You can use the Data Quality service of DataWorks to monitor data accuracy, consistency, and integrity. This topic describes how to use the Data Quality service to monitor data quality at each layer of a data warehouse.

Prerequisites

The steps in the Build an online operation analysis platform tutorial are completed. A DataWorks workspace is created in the China (Shanghai) region. For more information, see Business scenario and development process. The involved data is classified. In this tutorial, the data class is A2. For more information, see Classify data.

Background information

Data Quality can monitor the quality of data and generate alerts based on data classes. You can configure fine-grained monitoring rules based on the following items.
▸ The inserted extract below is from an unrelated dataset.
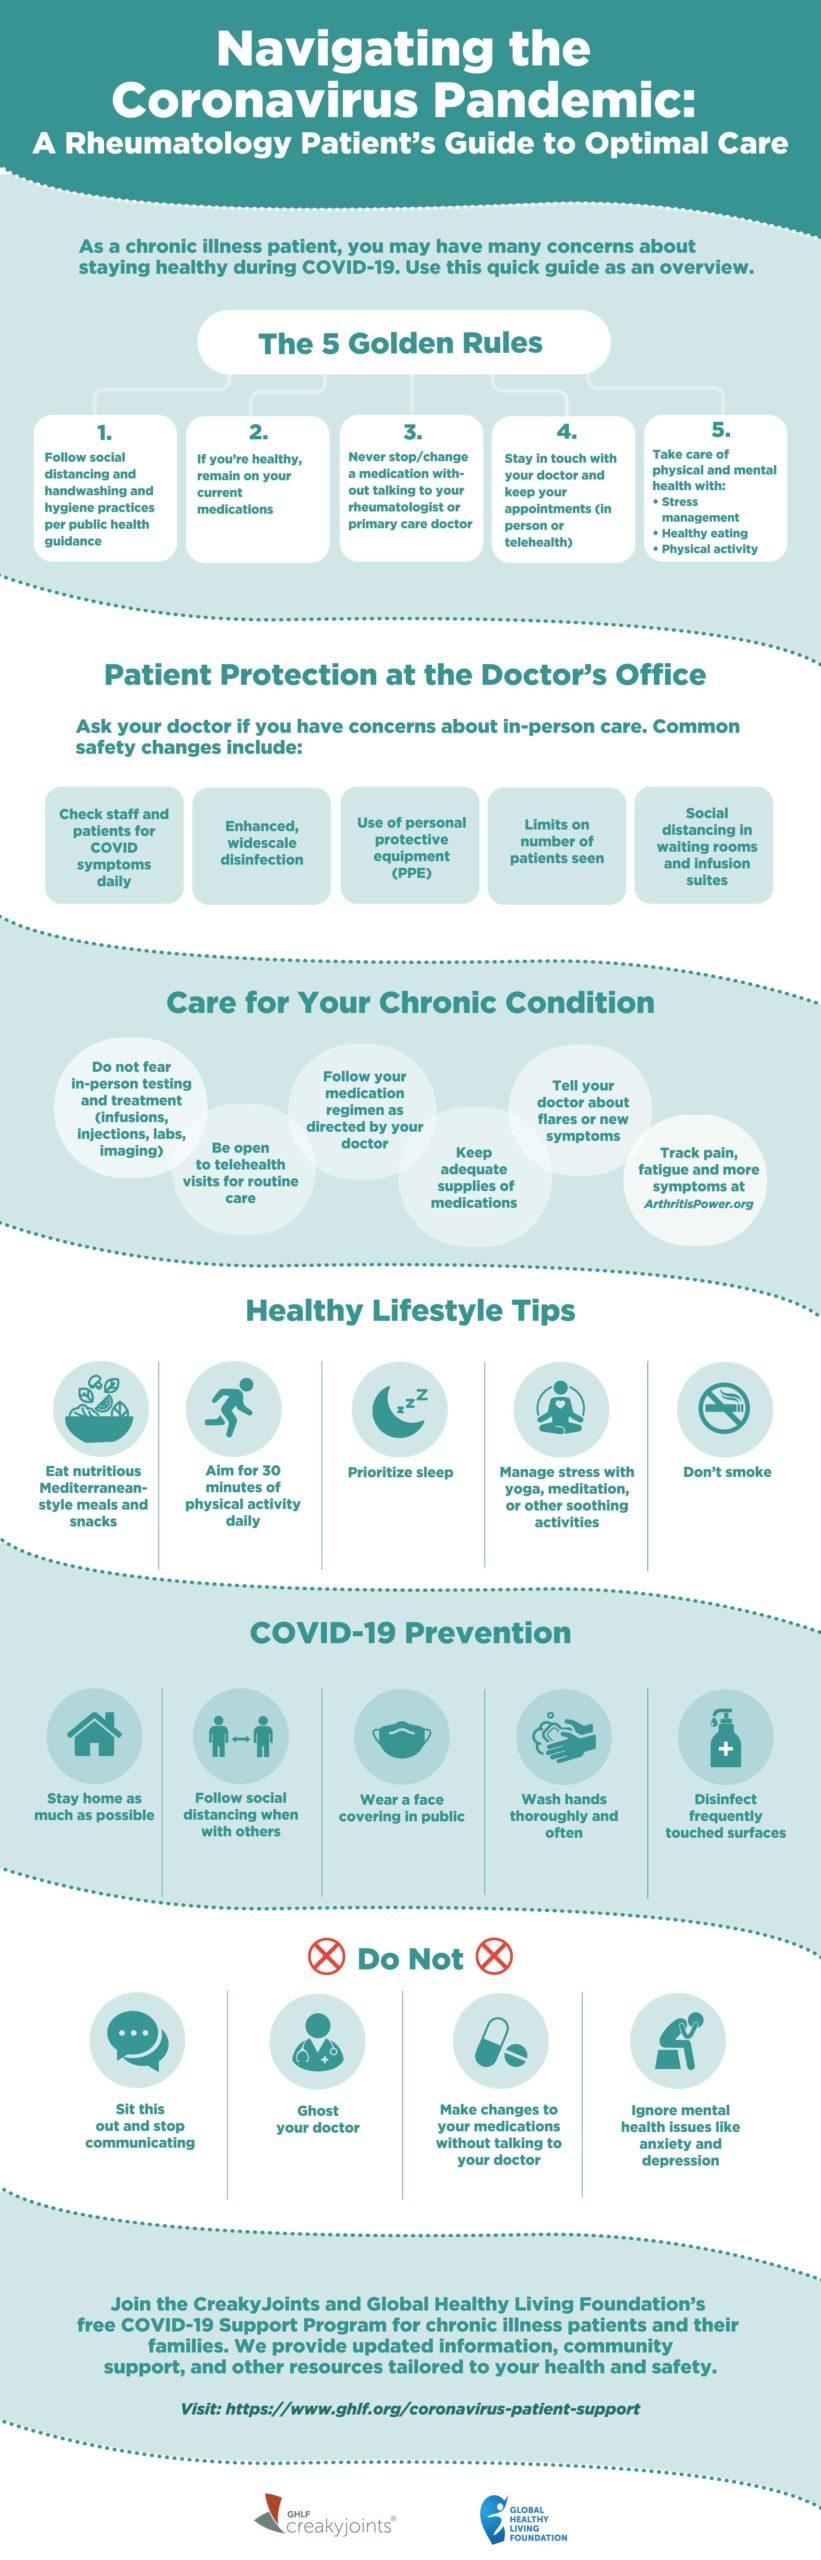 Coronavirus Pandemic Infographic for Arthritis Patients

For more information about Data Quality, see Overview.
  • Monitoring category: data amount, primary key, discrete value, accumulated value, business rule, and logical rule.
  • Monitoring granularity: field and table.
  • Monitoring layer: operational data store (ODS), common data model (CDM), and application data store (ADS). The CDM layer includes the data warehouse detail (DWD) layer and data warehouse summary (DWS) layer. Data Quality focuses on the integrity and consistency of data at the ODS and DWD layers, and the accuracy of data at the DWS and ADS layers.

Procedure

  1. Monitor data quality at the ODS layer.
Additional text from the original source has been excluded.